1:32:12 Q: What you said before seems to imply that I am personally the effect of my conditioning.
1:32:22 K: Obviously.
1:32:23 Q: It is the cause of what is going on.
1:32:25 K: Obviously. If each of you... Obviously.
1:32:29 Q: I don’t like to this.
1:32:34 Q: Sir, even if I feel in my daily life the result of the danger of all these things, it seems as if because of the demands of what is happening about me and life, seems to… just as if the mind is going on like a circus and so one pushes these things away just to be able to go through. One ignores it.
1:33:14 K: Sir, you see, sir, do you feel – feel, you follow, not just theoretically – the world is you and you the world?
1:33:30 Q: Not at this moment.
1:33:32 K: Not this moment, I mean, sitting here. I mean feel. You follow what it means?
1:33:36 Q: Yes.
1:33:39 K: There isn’t this terrible division, the community and you separate, you different – you follow? The feeling that you are part of this world. Right? Then what will you do? Whatever you do out of confusion will affect the world in which you live. If you want to change the world through throwing a bomb, you affect the world. Right? And the response to a challenge of this kind, through bombs, is the most primitive, most stupid answer. So is there a response and an answer which is total? Not the bomb or – you follow? – something else – is there a response in which you really totally act?
1:34:41 Q: To see my own conditioning which is causing all this. My conditioning is causing all this.

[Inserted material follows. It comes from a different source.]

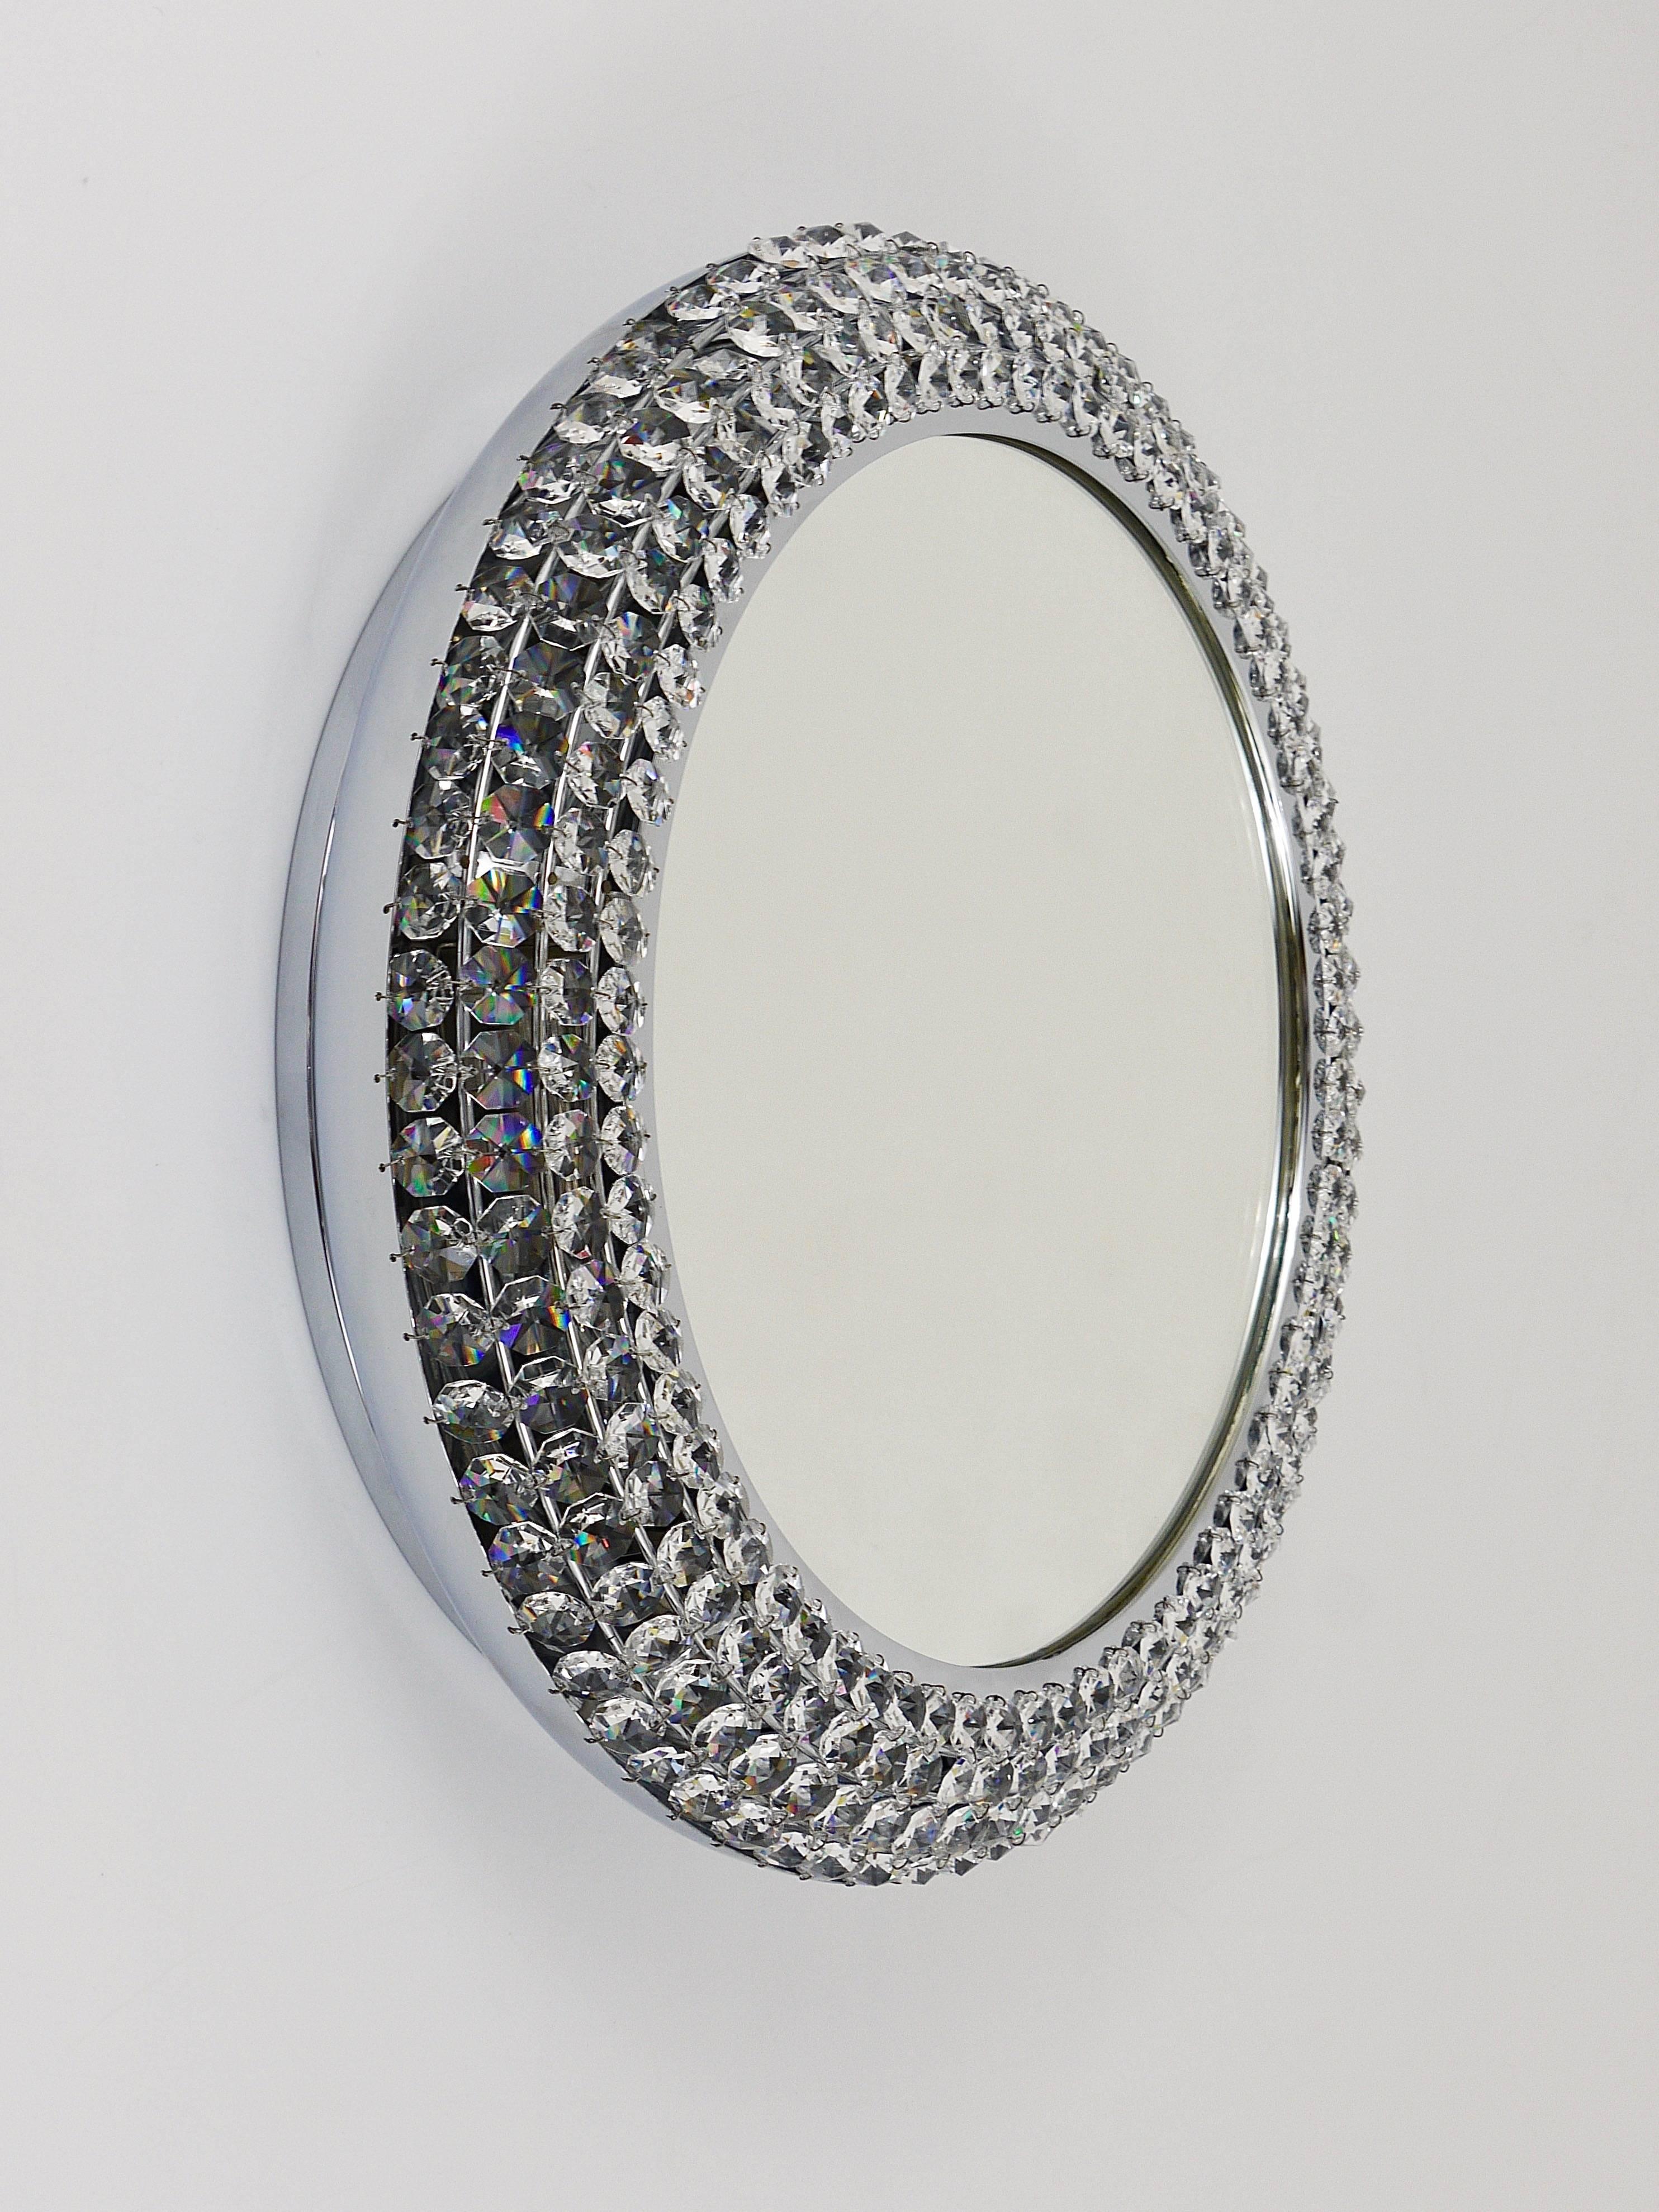 Metal Round Chromed Crystal Backlit Wall Mirror, Austria, 1960s For Sale

1:35:10 K: No, no. Your conditioning isn’t causing that. Your conditioning is the result of all that. You see, don’t separate it. I suppose we ought to stop, sir. Just listen, sir. Look, I want to find out… intelligence says I must find an answer to an action which is non-fragmentary. Right? Which is non-fragmentary, which must be whole. I know what fragmentary action is. I can act as a Catholic, a Hindu, communist, socialist – you follow? – which are all fragmentary – as a scientist, what you will. So I want to find an answer, an act which will include all this, and be beyond all this. Right? What is that total action? What is a total observation? To observe that without the word. The word being thought, idea, the power – you follow? To observe that without the word – word, association, image, knowledge, all that is implied. Right? Now, to act without all that. Which means to act completely out of emptiness. I don’t know if you can… Which is not insanity. I can look at that with emptiness – you follow? – when there is no word. Right? I can now... intelligence can now say: now there is an action without the word, there is also an action without the book, which is completely out of total emptiness, which means no past.